Die Form erinnert an eine Cumuluswolke, also eine Haufenwolke, die ständig ihre Gestalt verändert. Die Skulptur selbst steht dagegen fest an ihrem Platz.
Genau dieser Gegensatz ist wichtig. Das Kunstwerk erinnert an die weltoffene und standhafte Haltung der Hochschule während der Zeit des Nationalsozialismus.
Um weitere Werke und deren Geschichten dahinter zu entdecken, müsst Ihr nur diesem Pfad hier folgen.
Info: Die Kunstwerke am PURPLE PATH könnt Ihr jederzeit besuchen, es gibt keine Öffnungszeiten und der Eintritt ist kostenlos.
Auf einfachen Wegen die Region erkunden
Der PURPLE PATH kann ganz nach Lust und Laune erkundet werden. Einen festen Rundgang gibt es nicht, sodass jeder selbst entscheiden kann, welche Werke und Orte auf dem Weg liegen.
Ob mit dem Auto, Bus und Bahn, dem Fahrrad oder zu Fuß, Ihr könnt den Kunst- und Skulpturenweg ganz nach Eurem eigenen Geschmack und Tempo zu entdecken.
>>> Hier passende Routenvorschläge finden.
Weitere Touren findet Ihr direkt bei Outdooractive.
Wer lieber entspannt unterwegs ist, kann auch an einer geführten Bustour teilnehmen. Dabei gibt es Infos zu den Kunstwerken und den Orten, an denen sie stehen.
Die Bustouren werden regelmäßig vom Tourismusverband Chemnitz Zwickau Region e. V. angeboten. Wer mitfahren möchte, findet Termine und Buchung beim Tourismusverband sowie auf der PURPLE-PATH-Seite.
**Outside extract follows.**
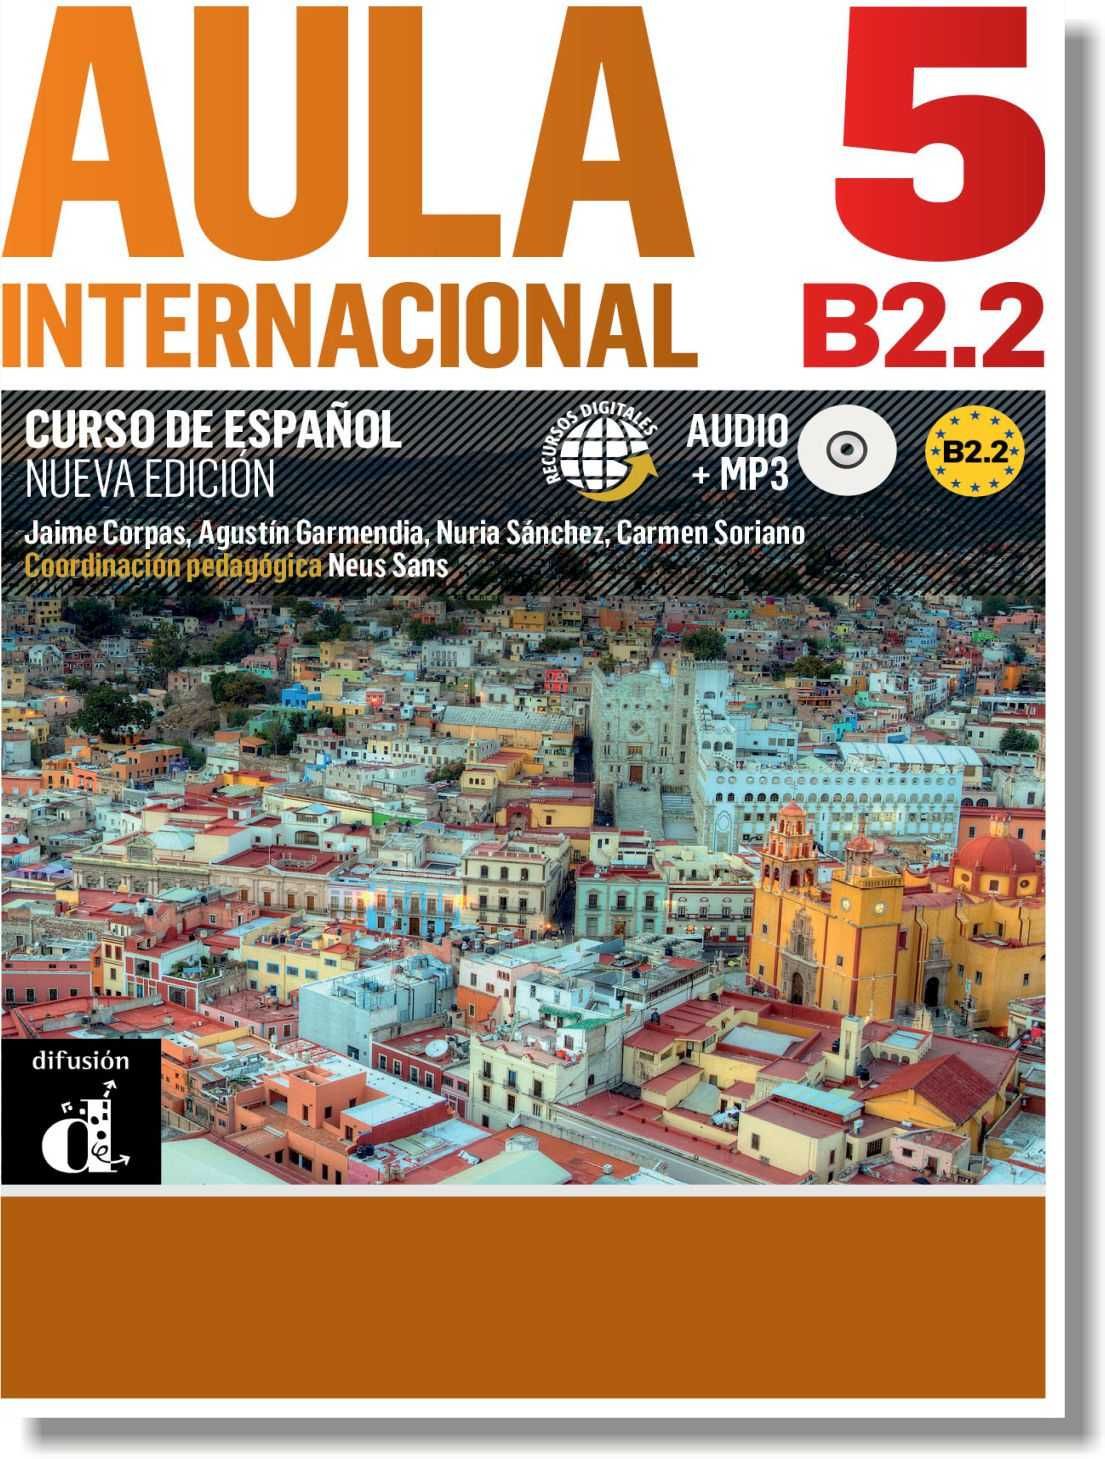 Учебники испанского языка AULA Internacional Nueva Edicion 1-5

Ihr habt jetzt aber auch die Möglichkeit, zwei Tickets für eine der nächsten Bustouren zu gewinnen.
Mitmachen und eine Bustour entlang des PURPLE PATH gewinnen
Lust bekommen, den PURPLE PATH einmal mit dem Bus zu erkunden und dabei mehr über die Kunstwerke und ihre Geschichten zu erfahren?
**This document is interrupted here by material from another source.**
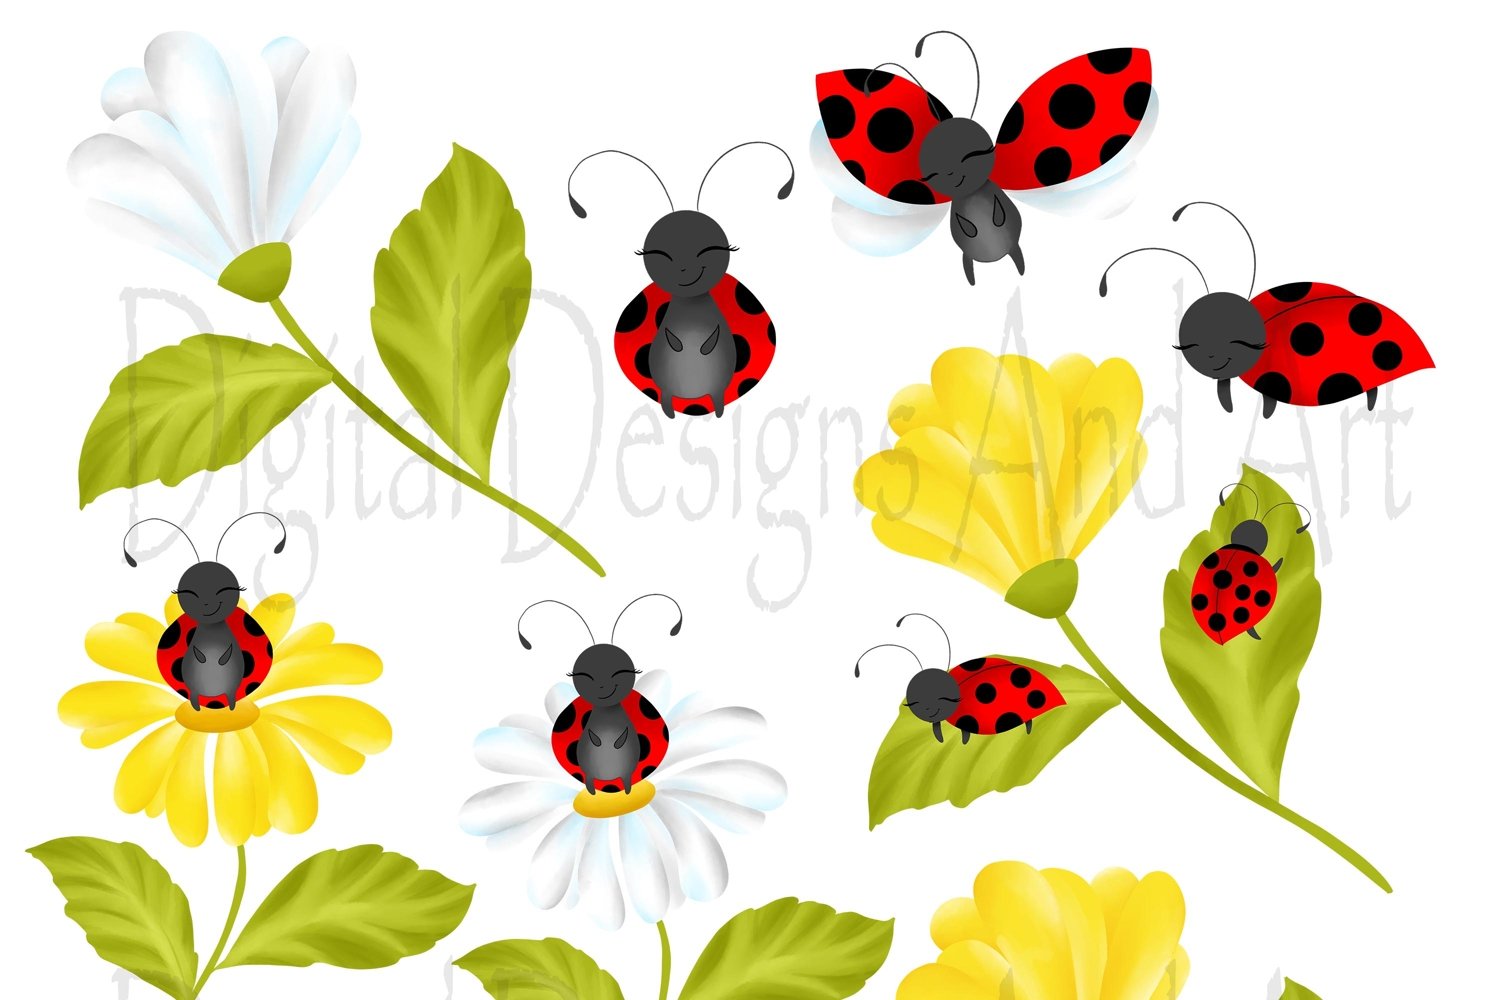 Ladybugs on flowers.

Wir verlosen zwei Tickets für eine der nächsten PURPLE-PATH-Bustouren!
Um mitzumachen, müsst Ihr einfach das Formular unten ausfüllen und schon landet Ihr im Lostopf*.
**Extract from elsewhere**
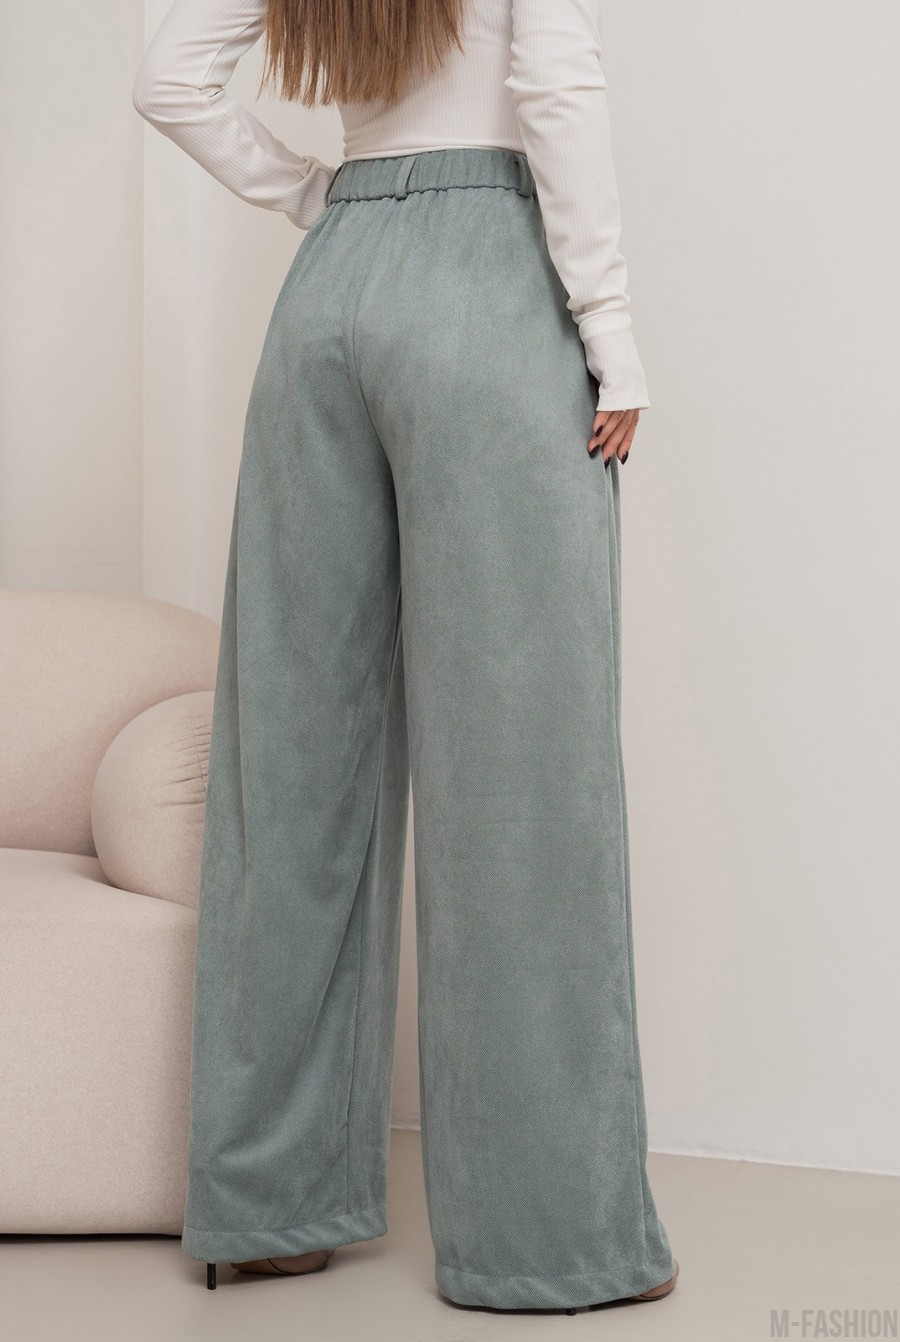 Оливковые свободные брюки палаццо из эко-замши - Фото 3

Wichtig: Nach der Anmeldung bekommt Ihr eine Bestätigung per E-Mail. Bitte den Link darin anklicken, damit die Teilnahme gilt.
Das Gewinnspiel läuft bis zum 11. September 2026, um 23:59 Uhr. Die Gewinner werden per E-Mail benachrichtigt.
Wir drücken die Daumen!
*Teilnahme am Gewinnspiel setzt die Anmeldung zum Newsletter voraus
Hier werden Erinnerungen gesammelt
Der Kunst- und Skulpturenweg verbindet zwei große Urlaubsregionen, die immer eine Reise wert sind und Euch viele Erlebnisse rund um Euren PURPLE PATH Besuch schenken.
Zum einen geht es in die Chemnitz. Zwickau. Region. mit Städten, Natur und jeder Menge Kultur.
Zum anderen führt der PURPLE PATH auch durch das Erzgebirge, wo Euch abwechslungsreiche Landschaften, Ausflugsziele und regionale Traditionen begegnen.